The weekly Retail Tech Roundup compiles technology news across the supply chain, manufacturing, retail, e-commerce, logistics and fulfillment sectors.

Social commerce

Express

Express has launched Express Community Commerce, a social commerce experience aimed at fashion lovers who want to offer style advice and inspiration, while selling Express products directly to their network.

The program brings together a network of entrepreneurial style experts called Express Style Editors through coaching, education, mentorship and meetups.

Consumers can apply to be an Express Style Editor, creating their own digital storefronts that they can promote and link to from their own social media accounts.

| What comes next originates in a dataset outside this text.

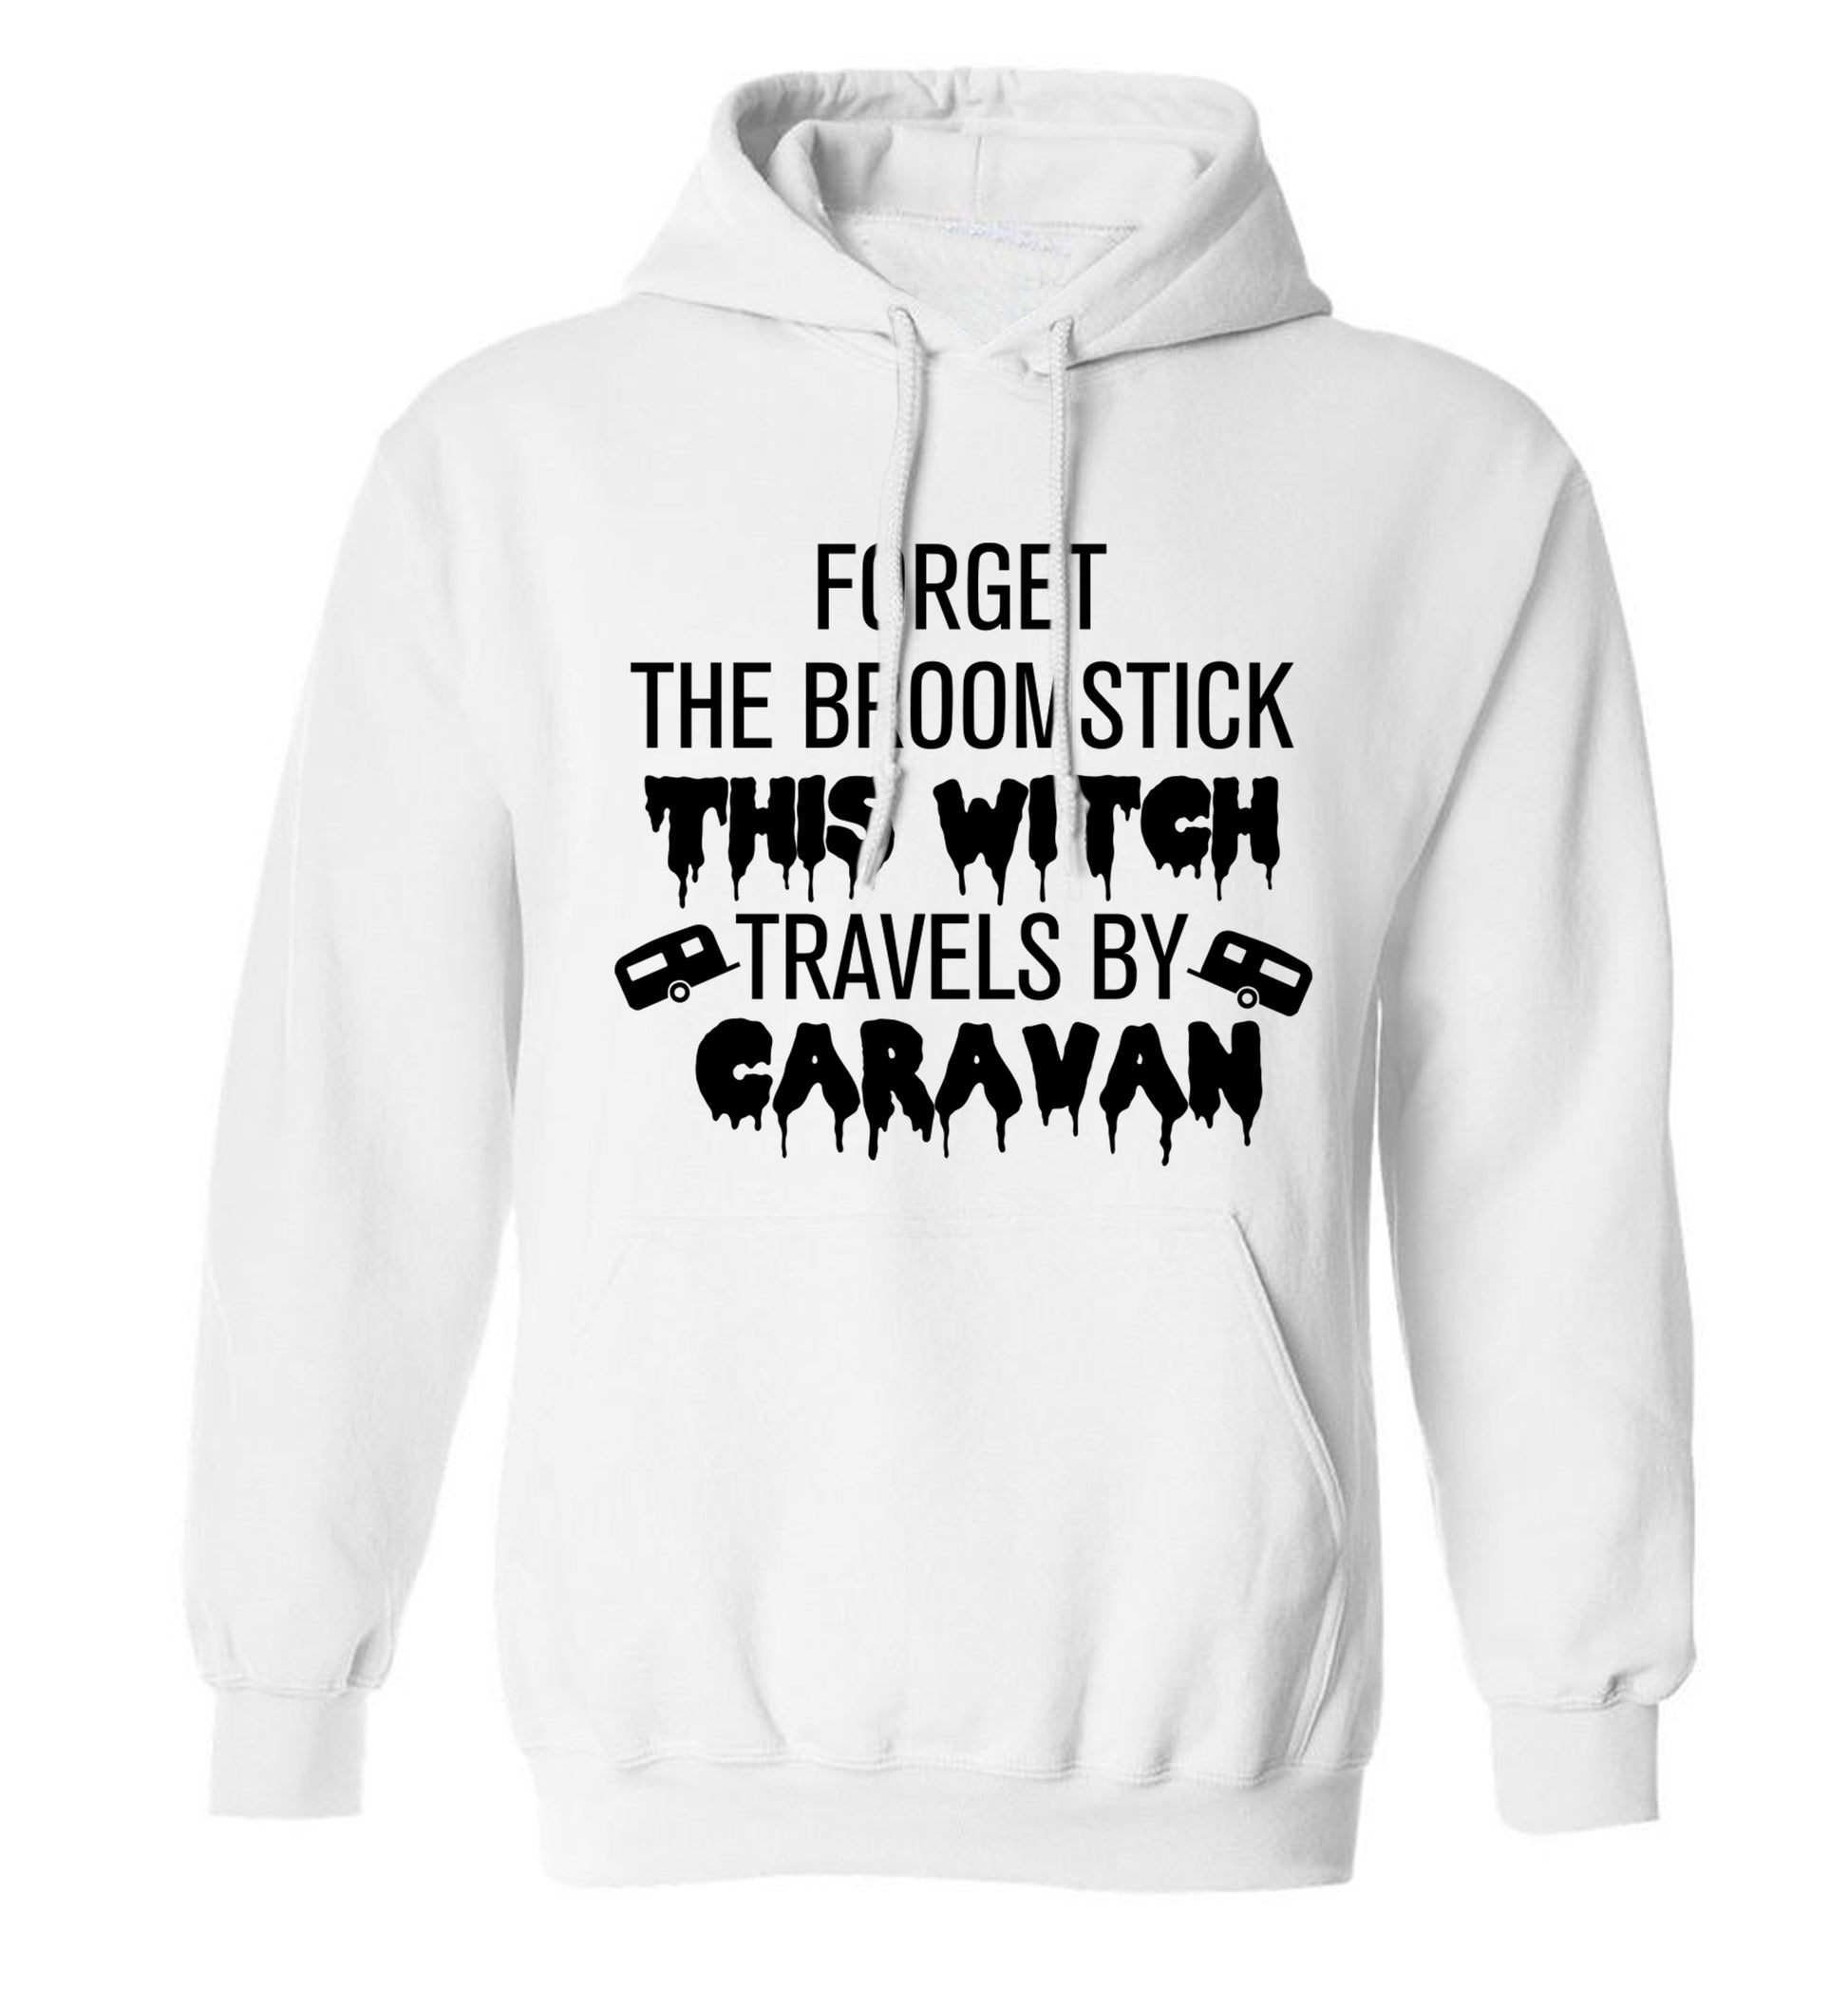 Forget the broomstick this witch travels by caravan adults unisexwhite hoodie 2XL

Style Editors access an exclusive app that will also help them build content around the Express products they are promoting. They’re able to sell and earn commission on specially designed seasonal collections.

“We continue to advance the EXPRESSway Forward strategy, and Community Commerce is the next significant step in our transformation,” said Tim Baxter, CEO of Express. “Building upon the strong performance of our influencer marketing programs, along with our brand purpose which is to create confidence and inspire self-expression, Community Commerce will be a powerful and innovative way for customers to engage with Express.”

Currently in its pilot phase, Express Community Commerce will roll out nationwide this fall in an effort to increase digital revenue while acquiring and engaging new customers.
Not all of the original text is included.